Stem cells has brought promising hope to improve impairment in different organs especially those with limited intrinsic regeneration capacity like nervous system. With the use of mesenchymal stem cells' (MSC) capacity to differentiate toward neural cells, this study aimed to examine the potential of fetal rat brain extract (FBE) as a biological inducer to mimic natural differentiation environment.

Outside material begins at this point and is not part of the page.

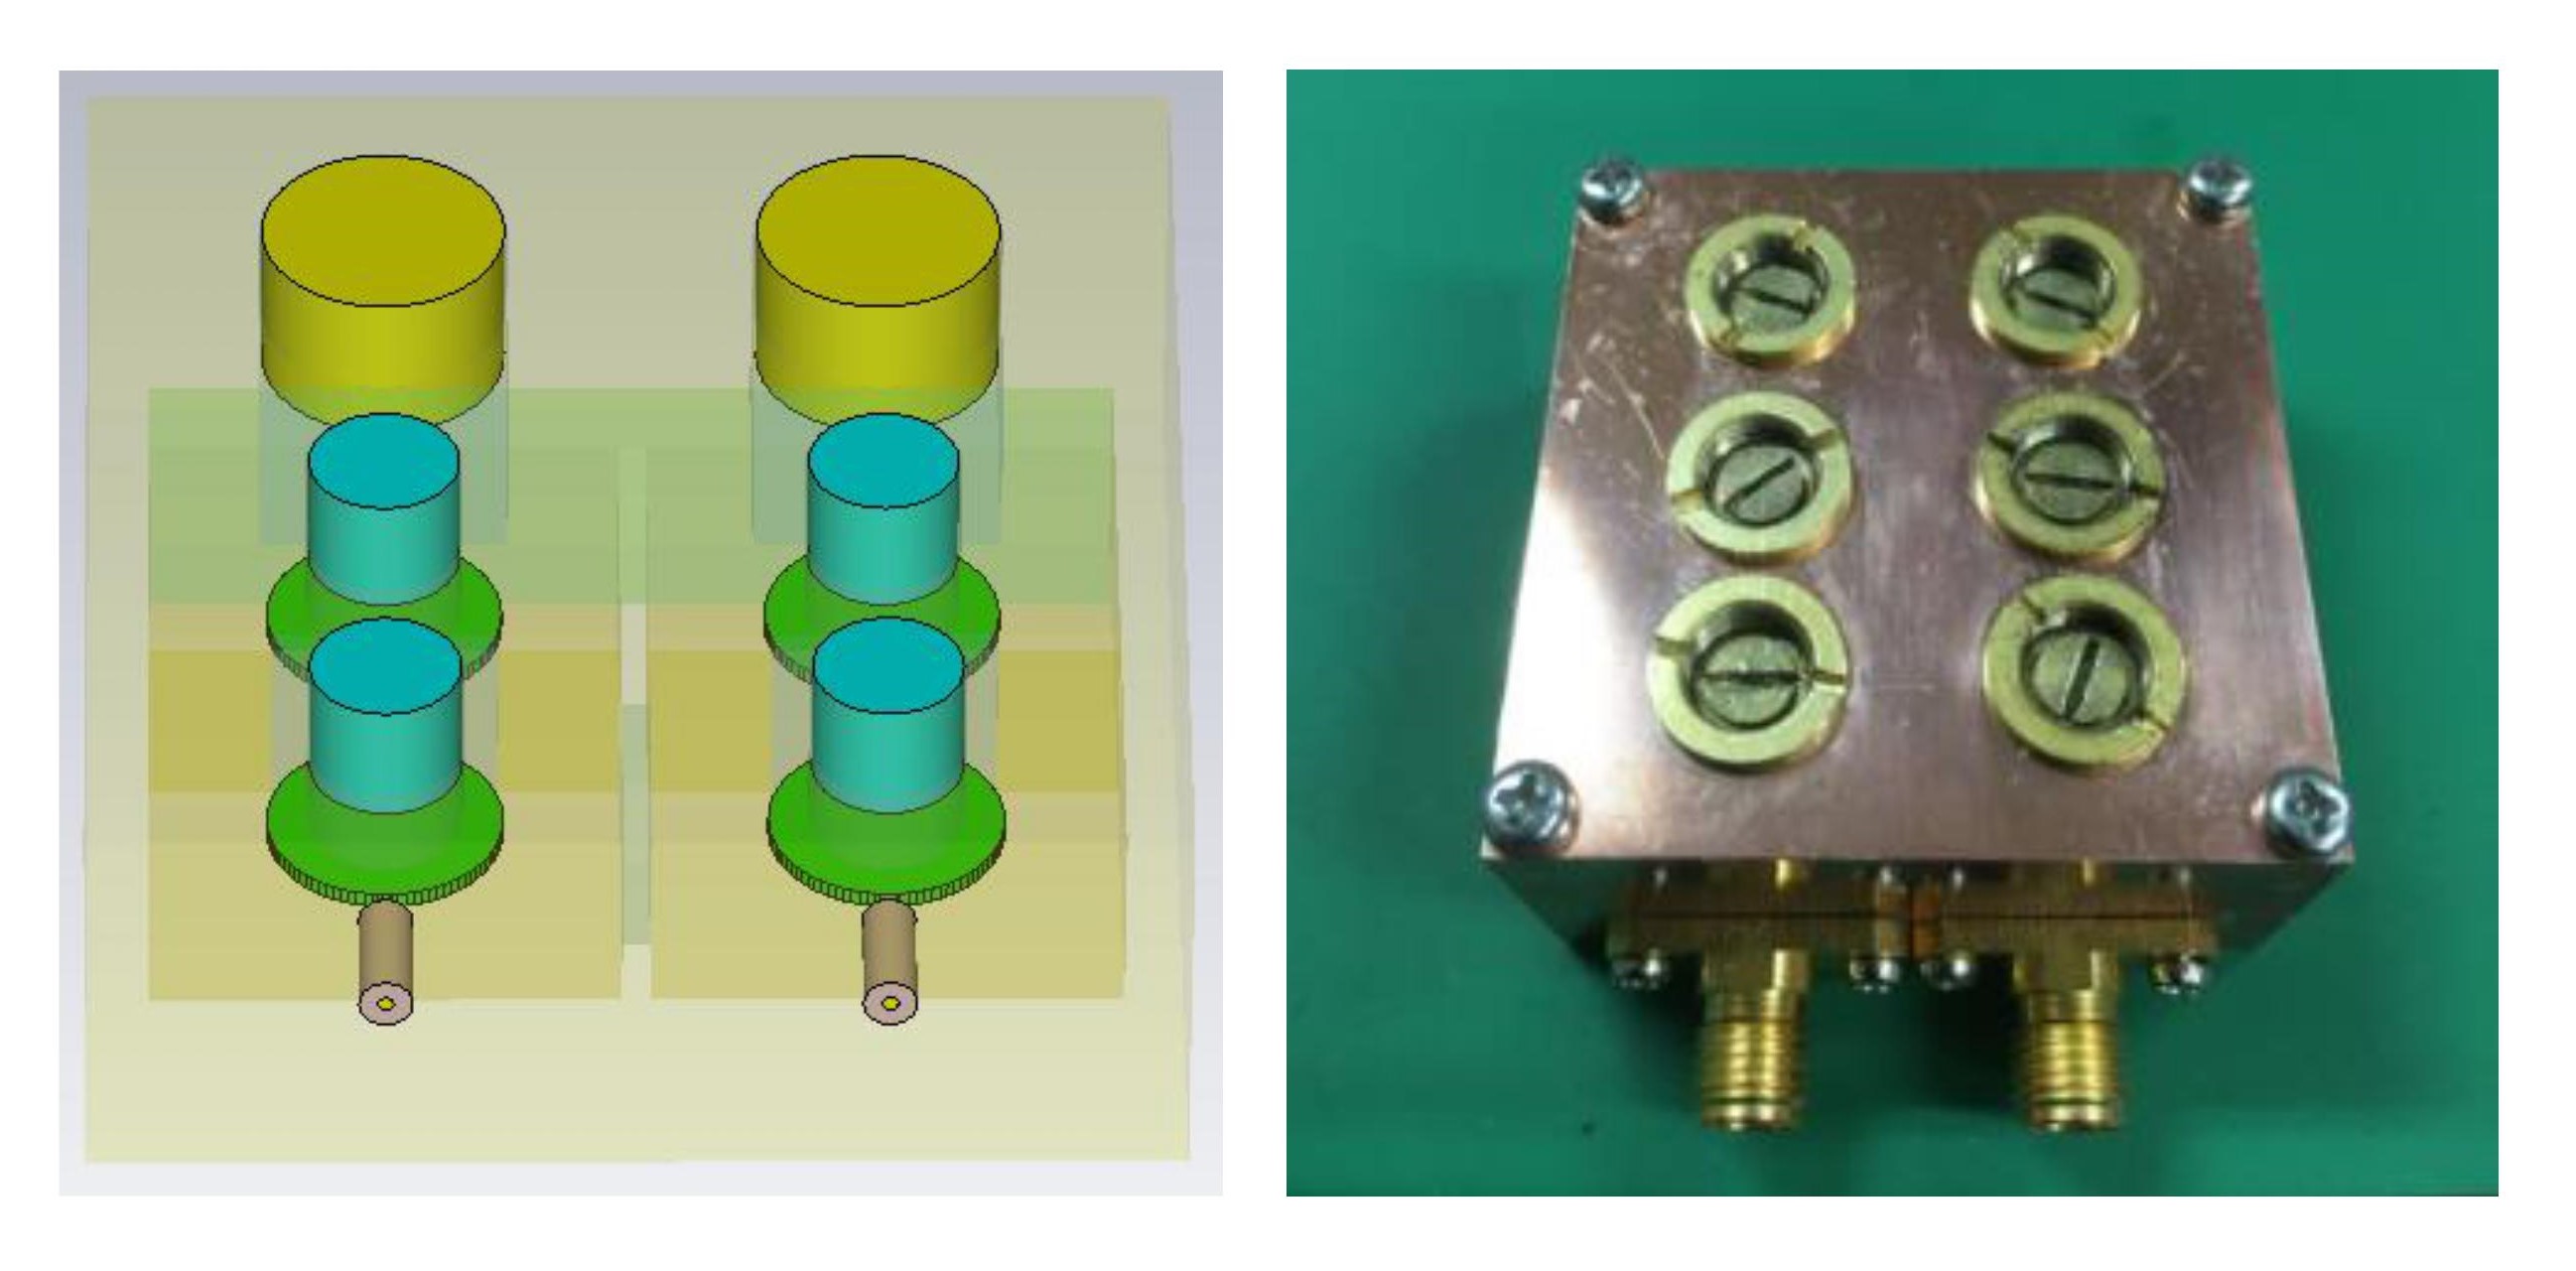 独自に開発した超伝導フィルタの一例。３次元シミュレーションによる解析（左）と実際に作製したフィルタ（右）の画像
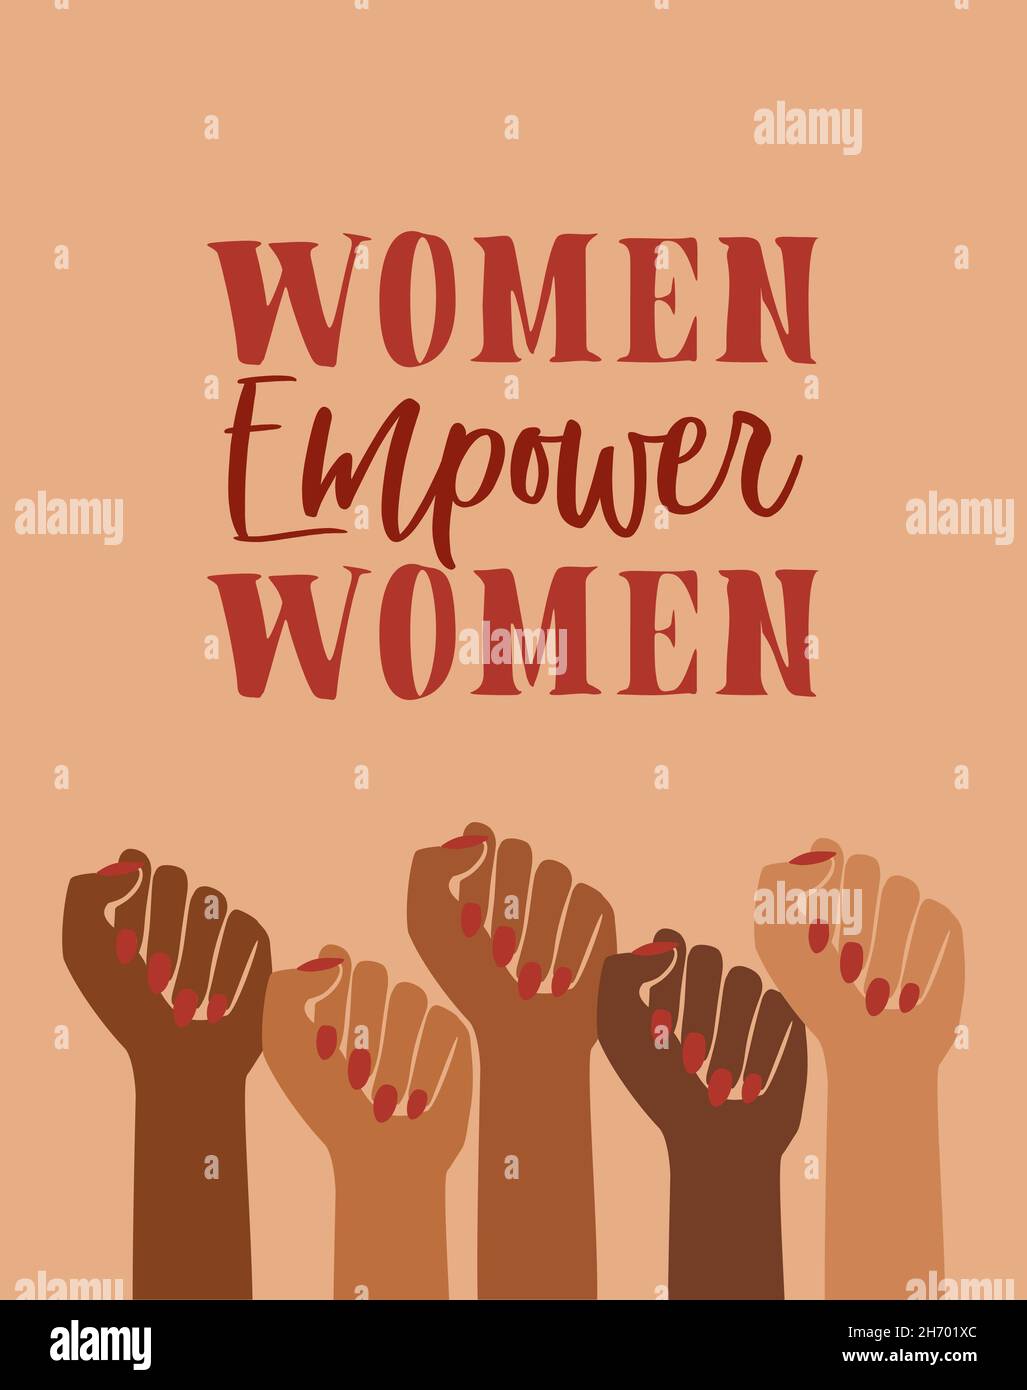 Frauen befähigen, weibliche Empowerment, braune Macht, feministisch, feministischer Stolz, Hände mit der Faust angehoben, Retro-Grafikdesign, Geschlechtergleichstellung Thema starke Frauen, Stockfoto

Bone marrow-MSCs were derived from Rattus norvegicus . After characterization of their mesenchymal nature, three groups were considered including control (culture medium only), differentiation (culture medium supplemented by basic fibroblast growth factor and epidermal growth factor), and treatment (culture medium and FBE). Growth curves as well as expression of glial fibrillary acidic protein (GFAP, marker for astroglial cells), galactocerebridase (GaLc, marker for oligodendrocyte and schwann cells), choline acetyl transferase (ChAT, marker for cholinergic neurons), and tyrosine hydroxylase (TH, marker of dopaminergic neurons) were examined in all the three groups at day 3 and 7 post-exposure. Also, nissl staining was performed in the three groups in order to assess protein synthesis and neurotransmitter production.
Spindle-shaped cells were seen in the control group. There were neural-like cells in the differentiation group while more developed appearance with axon- and dendrite-like processes were present in the treatment group. To examine cell viability after exposure to FBE, growth curve was delineated. Higher proliferation rate and lower population doubling time were seen in the treatment group compared to other two groups. Regarding expression of neural markers, GaLC and ChAT at day 7 was prominent in the treatment group. Nissl bodies, which are rough endoplasmic reticulum, were seen only in the treatment group.
FBE might be a safer and more efficient inducer than combination of two well-known growth factors in terms of differentiation of MSCs to functional dopaminergic neurons. Making neural cells in vitro is an attractive approach in improvement of injured nervous system.